Die Kunst in Reanimationssituationen ist nicht das Drücken oder die Beatmung, auch nicht das Legen von venösen Zugängen oder die korrekte Platzierung eines Tubus. Die Kunst besteht darin, schnell die wesentlichen Probleme eines Patienten zu erfassen und die nötigen Maßnahmen in der richtigen Reihenfolge zu veranlassen, ohne gleichzeitig andere nötige Maßnahmen zu vernachlässigen. Notfälle sind Herausforderungen an die Fähigkeit zu schneller und effizienter Arbeit, eine Art reale Strategiespiele, und als solche potenziell simulierbar.
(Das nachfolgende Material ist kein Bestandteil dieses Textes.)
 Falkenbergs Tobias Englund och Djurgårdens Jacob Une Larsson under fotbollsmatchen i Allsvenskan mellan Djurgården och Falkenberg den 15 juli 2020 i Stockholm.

Retten Sie den Laborassistenten!

Auf der Reanimations-Website schlechthin, dem amerikanischen ACLS.NET, findet man zur Einstimmung bzw. Wiederholung die aktuellen Algorithmen zum Management von Asystolien, Tachykardien, Kammerflimmern und Cardioversionen. Auf den Simulationsseiten stehen dann die Notfall-Situationen, die es anhand der vorher studierten Algorithmen erfolgreich zu bewältigen gilt. Es stehen drei Menüs zur Auswahl: Basic Life Support, Advanced Life Support (Intubation, Defibrillation, Schrittmacher usw.) und die Drug Box, also eine Medikamentenschachtel, in der sich alle in der Notfallmedizin gängigen Mittel in unterschiedlichen Dosierungen befinden. Retten Sie zum Beispiel den Labor-Assistenten, der während einer Blutentnahme plötzlich selbst kollabiert. Bevor Sie sich nach hoffentlich erfolgreicher Reanimation dem nächsten Fall zuwenden, können Sie rasch noch einen kleinen Wissens-Check Notfall-Medikamente absolvieren.
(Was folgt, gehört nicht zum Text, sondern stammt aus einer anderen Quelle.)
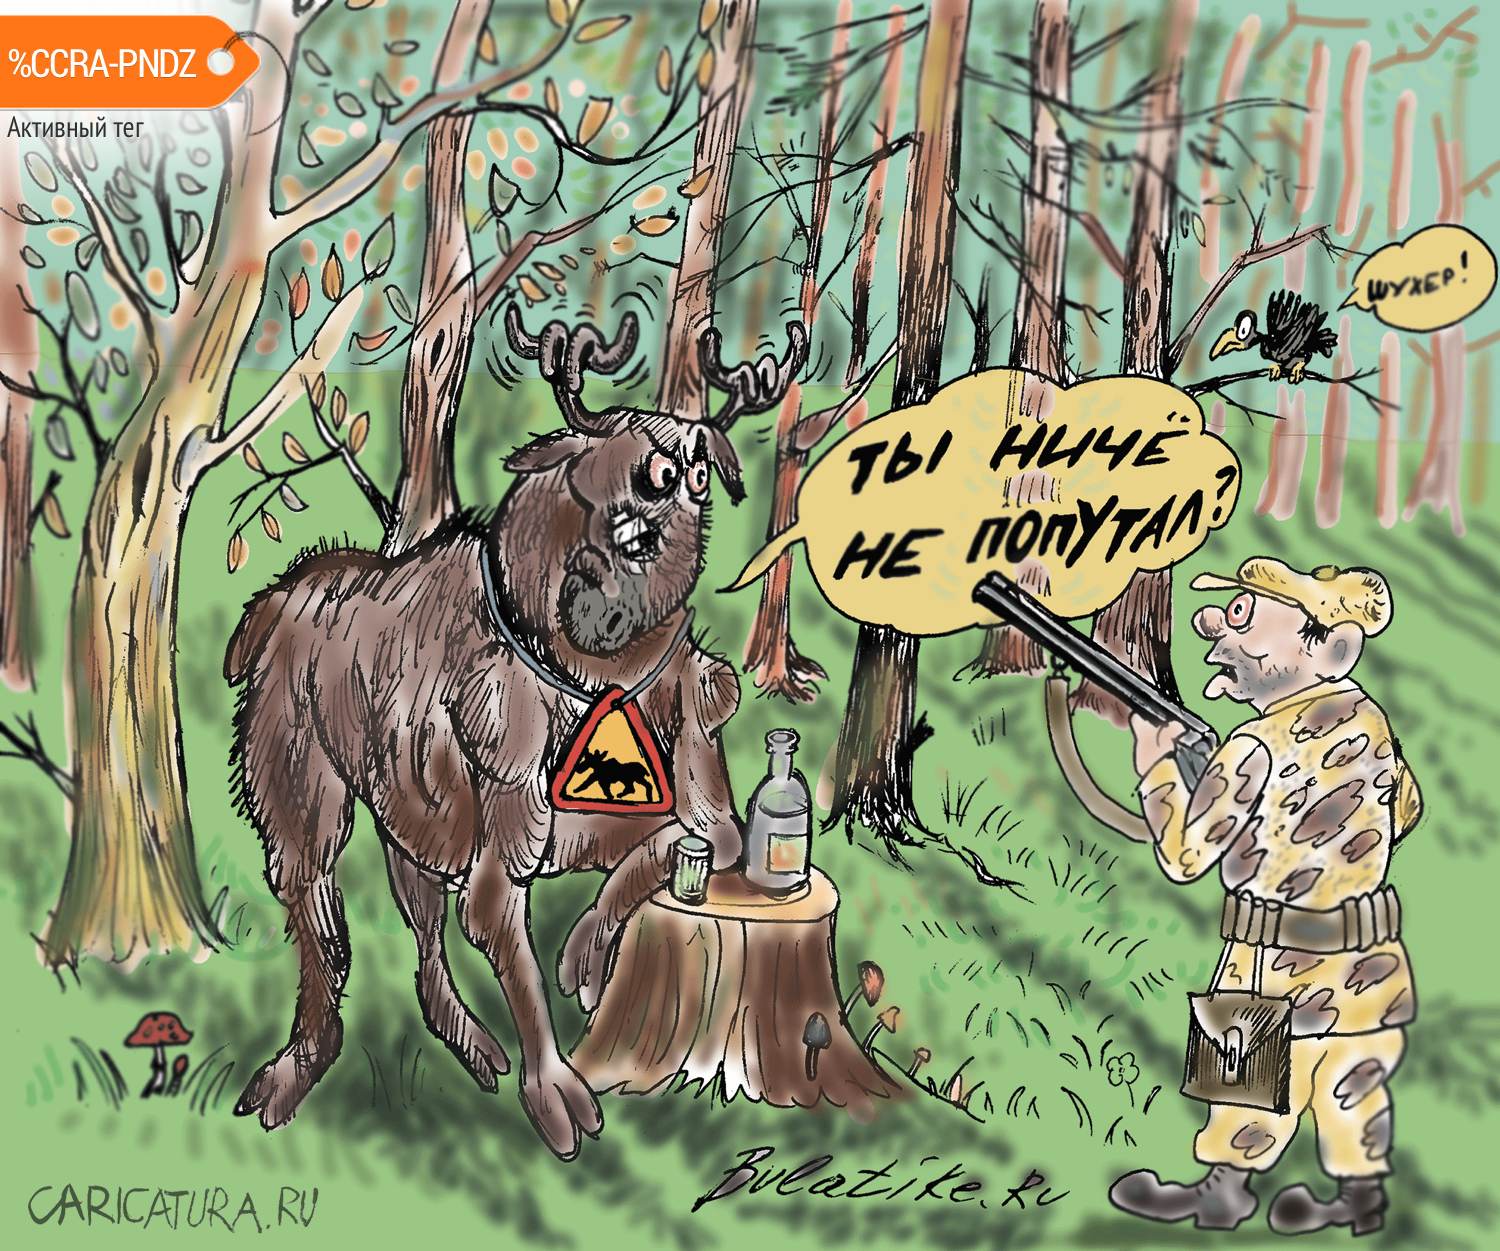 Карикатура "Осторожно! Лось", Булат Ирсаев

Nicht von der Schwester nerven lassen!

Mehr an Unfallmedizin interessierte sollten sich die Seiten des Trauma Research Fellowship in San Francisco, Trauma.org, nicht entgehen lassen. Die simulierten Notfallsituationen, hier wohl in Anlehnung an die in der Pathologie vor langer Zeit üblichen Wachsmodelle Moulagen genannt, bestechen durch detailliert ausgeschmückte Situationsskizzen, in denen schon einmal die Krankenschwester nervt oder kleine Pannen dazwischen kommen. Versorgen Sie zum Beispiel ein Kind, das bei einem Autounfall verletzt wurde - ein Case, der realitätsnah damit beginnt, dass Sie das Gewicht des Winzlings anhand seines Alters schätzen sollen, um ggf. nötige Medikamente nicht überzudosieren. Das polytraumatisierte Kind wird Ihnen dabei auch visuell näher gebracht, sodass Sie sich anhand der Verletzungen die sinnvollste Reihenfolge Ihrer Maßnahmen überlegen können. Nicht-pädiatrische Patientensimulationen stehen natürlich auch zur Verfügung, etwa der Fall eines jungen Testfahrers, der mit einem Baum kollidierte und sich dabei ein Schädel-Hirn-Trauma zuzog.
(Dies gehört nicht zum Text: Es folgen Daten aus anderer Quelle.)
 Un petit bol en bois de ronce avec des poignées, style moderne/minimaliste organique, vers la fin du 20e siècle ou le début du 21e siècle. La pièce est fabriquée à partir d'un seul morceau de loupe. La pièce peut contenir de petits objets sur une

Zum Nachschlagen geht's ins Virtual Hospital

Insgesamt fünf Patientensimulationen gibt es beim CyberPatient Simulator von Netmedicine.com. In einem Fall dreht es sich um eine typische Erste-Hilfe-Situation auf der Straße, bei den vier anderen Simulationen stehen alle Mittel der Notfallmedizin zur Verfügung. Auch im Virtual Hospital gibt es Patientensimulationen, die allerdings nicht interaktiv sind und eher zum Nachschlagen und Wiederholen einladen.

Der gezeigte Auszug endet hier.